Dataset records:
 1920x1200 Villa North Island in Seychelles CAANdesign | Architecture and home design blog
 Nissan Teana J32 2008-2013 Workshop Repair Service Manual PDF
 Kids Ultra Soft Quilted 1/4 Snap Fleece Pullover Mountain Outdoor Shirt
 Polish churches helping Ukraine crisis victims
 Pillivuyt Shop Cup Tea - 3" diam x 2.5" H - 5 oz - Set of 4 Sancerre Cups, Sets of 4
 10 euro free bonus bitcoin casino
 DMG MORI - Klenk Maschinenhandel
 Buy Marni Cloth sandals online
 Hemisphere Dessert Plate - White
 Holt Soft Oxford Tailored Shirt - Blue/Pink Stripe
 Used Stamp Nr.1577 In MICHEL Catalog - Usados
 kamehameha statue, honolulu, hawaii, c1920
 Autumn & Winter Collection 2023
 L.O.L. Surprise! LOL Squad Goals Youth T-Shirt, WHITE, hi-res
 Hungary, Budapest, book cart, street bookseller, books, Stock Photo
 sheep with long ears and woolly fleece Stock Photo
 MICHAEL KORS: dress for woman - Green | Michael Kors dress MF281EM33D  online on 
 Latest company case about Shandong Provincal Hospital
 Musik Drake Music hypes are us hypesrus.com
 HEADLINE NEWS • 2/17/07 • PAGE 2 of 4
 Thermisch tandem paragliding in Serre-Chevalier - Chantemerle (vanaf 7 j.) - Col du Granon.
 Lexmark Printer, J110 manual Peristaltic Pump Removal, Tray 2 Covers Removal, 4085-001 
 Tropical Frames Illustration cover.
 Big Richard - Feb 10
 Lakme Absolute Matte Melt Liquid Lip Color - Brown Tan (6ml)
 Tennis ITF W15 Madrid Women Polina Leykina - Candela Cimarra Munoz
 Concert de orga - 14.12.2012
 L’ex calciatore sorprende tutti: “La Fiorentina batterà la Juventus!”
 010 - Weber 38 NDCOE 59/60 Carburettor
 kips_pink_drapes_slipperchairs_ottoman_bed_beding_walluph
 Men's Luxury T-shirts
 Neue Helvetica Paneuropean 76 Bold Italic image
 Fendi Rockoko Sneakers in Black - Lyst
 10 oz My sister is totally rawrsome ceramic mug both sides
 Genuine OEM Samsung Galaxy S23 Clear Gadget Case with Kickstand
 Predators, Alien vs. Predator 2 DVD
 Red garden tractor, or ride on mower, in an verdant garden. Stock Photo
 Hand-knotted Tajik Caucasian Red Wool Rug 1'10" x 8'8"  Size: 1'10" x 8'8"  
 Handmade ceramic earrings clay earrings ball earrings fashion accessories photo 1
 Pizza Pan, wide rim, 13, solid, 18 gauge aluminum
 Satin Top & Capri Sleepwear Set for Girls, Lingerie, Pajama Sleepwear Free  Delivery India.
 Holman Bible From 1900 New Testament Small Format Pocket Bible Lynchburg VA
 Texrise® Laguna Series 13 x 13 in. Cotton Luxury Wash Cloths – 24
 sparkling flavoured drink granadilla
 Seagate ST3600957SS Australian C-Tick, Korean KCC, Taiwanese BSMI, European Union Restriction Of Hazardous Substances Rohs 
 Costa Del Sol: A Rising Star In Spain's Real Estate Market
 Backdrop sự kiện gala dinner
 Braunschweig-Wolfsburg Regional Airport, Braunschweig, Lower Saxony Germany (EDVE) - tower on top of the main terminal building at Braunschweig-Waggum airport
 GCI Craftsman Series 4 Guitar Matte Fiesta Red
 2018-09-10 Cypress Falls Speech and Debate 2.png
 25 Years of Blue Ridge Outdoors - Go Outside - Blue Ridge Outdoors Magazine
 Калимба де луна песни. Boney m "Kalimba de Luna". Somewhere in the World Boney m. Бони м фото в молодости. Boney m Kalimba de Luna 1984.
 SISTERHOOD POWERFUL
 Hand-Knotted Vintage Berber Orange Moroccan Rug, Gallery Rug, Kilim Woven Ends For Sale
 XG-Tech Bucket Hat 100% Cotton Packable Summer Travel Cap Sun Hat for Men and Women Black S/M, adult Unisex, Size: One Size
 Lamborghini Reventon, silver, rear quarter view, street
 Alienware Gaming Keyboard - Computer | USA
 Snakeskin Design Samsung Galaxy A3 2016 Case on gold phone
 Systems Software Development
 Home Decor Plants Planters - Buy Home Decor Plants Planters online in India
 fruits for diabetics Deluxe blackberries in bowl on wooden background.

» ASSIGNMENT
What must be returned is a bare number, the count of lines in the entries holding the string "India".

» RESPONSE AREA
2